Supper was often so late. It was still summer, though waning; and folks, for generations of Midwesterners, had eaten the evening meal a lot later as a matter of course than they did in the wintertime. Mirzah had gotten through soccer practice okay all right. No thanks to Herry. When the first organizational meeting for the various age levels of play was convened, there was Herry, mouth open and hand up, volunteering to coach the six – and seven – year – olds, all of these particular boys and girls also attending Kate Mitchell Elementary School, the Boys’ new school!
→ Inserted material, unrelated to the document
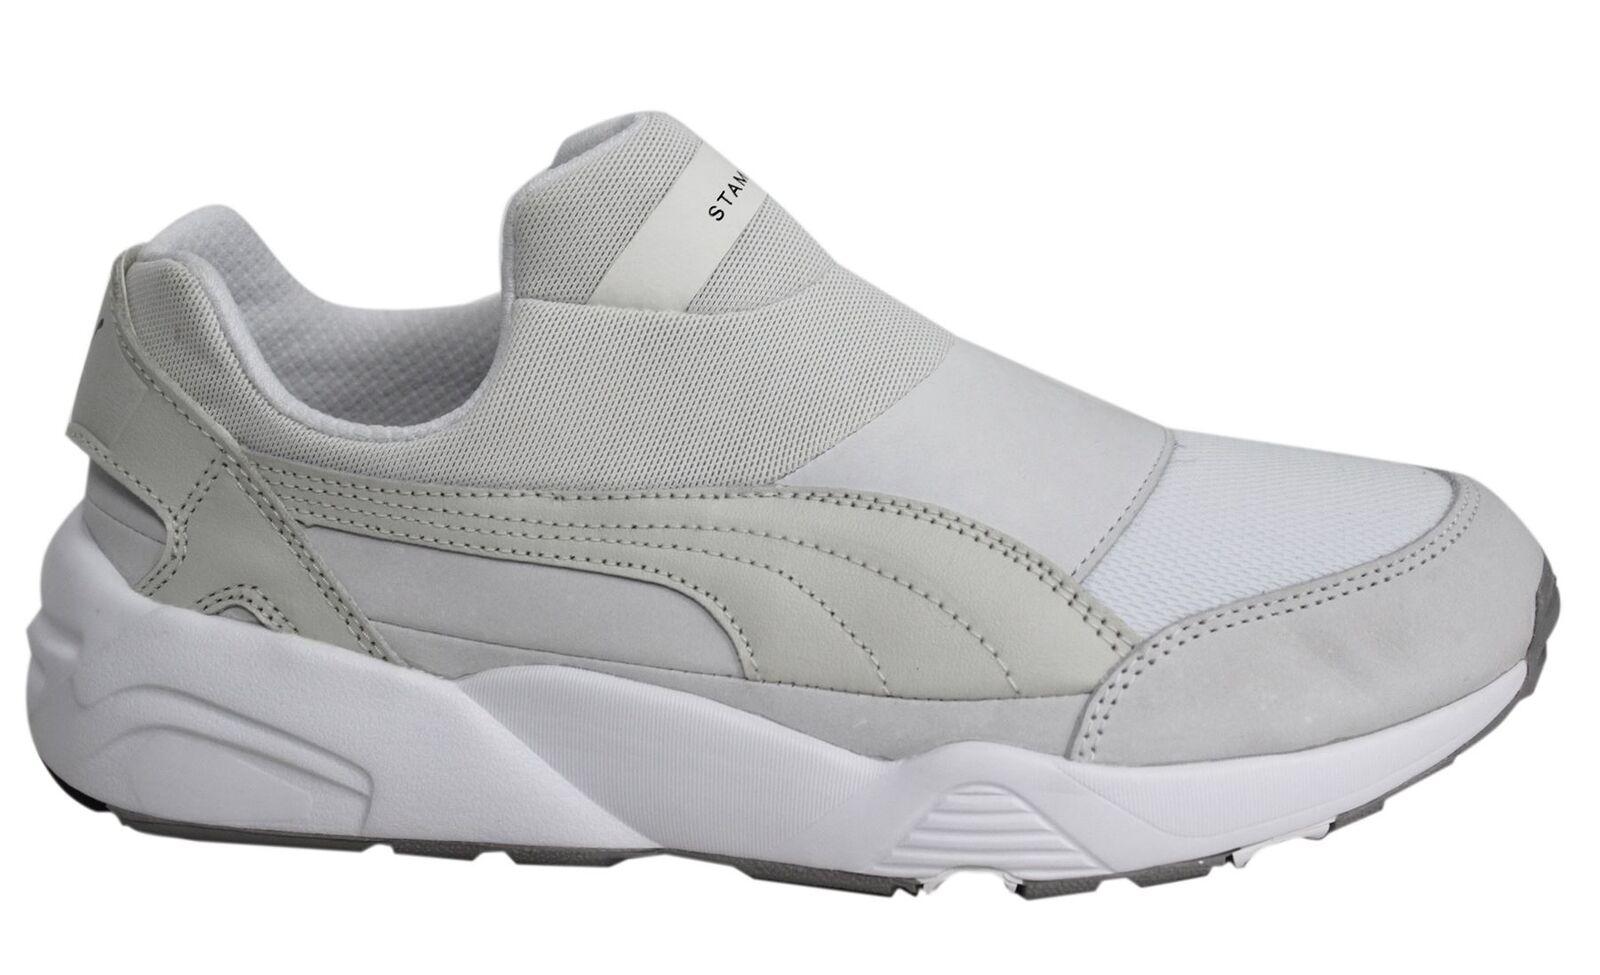 Puma Trinomic Sock Stampd NM Weiß x  Uomo Off Weiß NM Trainers Slip On Schuhe 361429 03 D9 94bff4
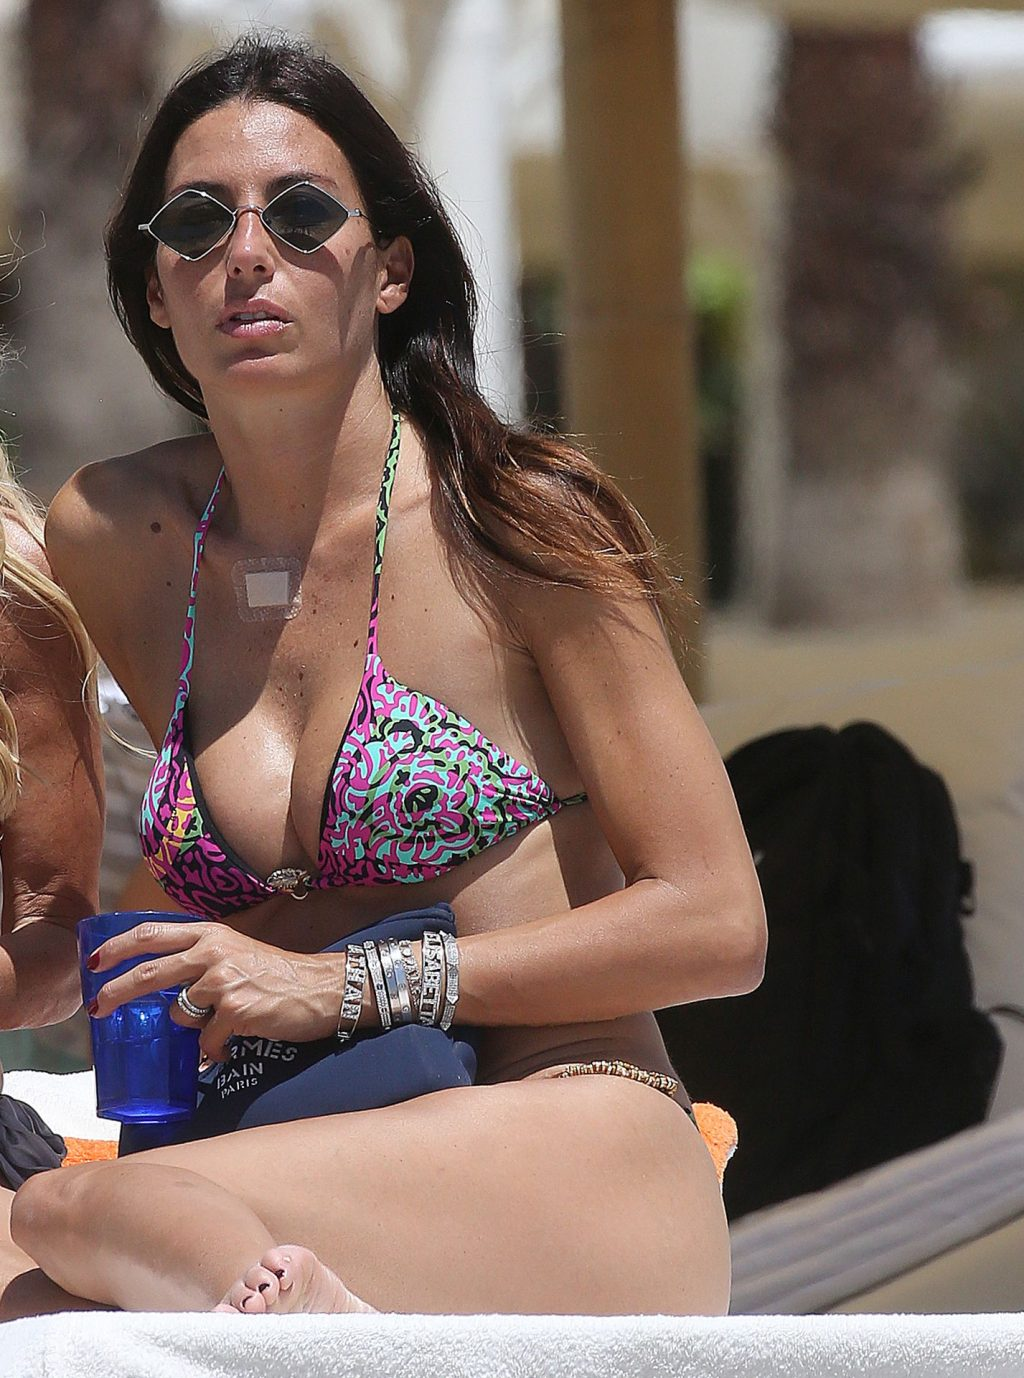 Elisabetta Gregoraci Shows Her Hot Body In Forte Dei Marmi (16 Photos)

Such a beauty it was, too. Fairly newly constructed with a fantastic playground that included a colorful,

50 – state USA map wildly painted, state by state, into the south concrete, it was an alternative school, the only such one of eight elementary schools in Ames. There were levels of academia to the school, too, just as there were levels of ability within the City’s Parks and Rec soccer teams, this particular team of littlest kids that included Mirzah being hosted on the Kate Mitchell playing fields for its practice sessions.

The kindergarten level of Kate Mitchell was distinct with its own separate playground even; but after that, academic progress was fairly individualized. “Units” the children were put into. Open classrooms, too, they were described as, I believe. Unit A, Unit B and Unit C. A had first, second and maybe even a few third grade little ones in it as I recall. And Unit B had third and fourth graders mostly while Unit Cers were the upper classes of elementary students. Altogether, then, kids through to about the age of 12 years. Very bright, very cheery, wide corridors, big classrooms and big personal spaces inside of them. A pretentious media center – and – library combination. Finest of all, lots and lots of non – Caucasian faces every day and some of them at every level with accents from very far off lands. I quickly came to like Kate Mitchell School and so did Zane, Jesse and Mirzah.

Only problem was its location. Kate Mitchell was situated at the very far edge of the city’s most southern housing subdivision in a neighborhood not ritzy nor splendiferous enough for Herod when he, with the ‘aid’ of AA’s Cornball, had gone house – hunting six weeks earlier. Herod Edinsmaier desired a splashier area, one much more in sync with where Mehitable and doctors would be found living, hence, the picture window to the Forest which we now owned. Still, with open enrollment within the school district, all one had to do was truck in the kids to whatever school in which the parents wanted them. Provided things didn’t get overweighted in certain schools and, therefore, underenrolled in others.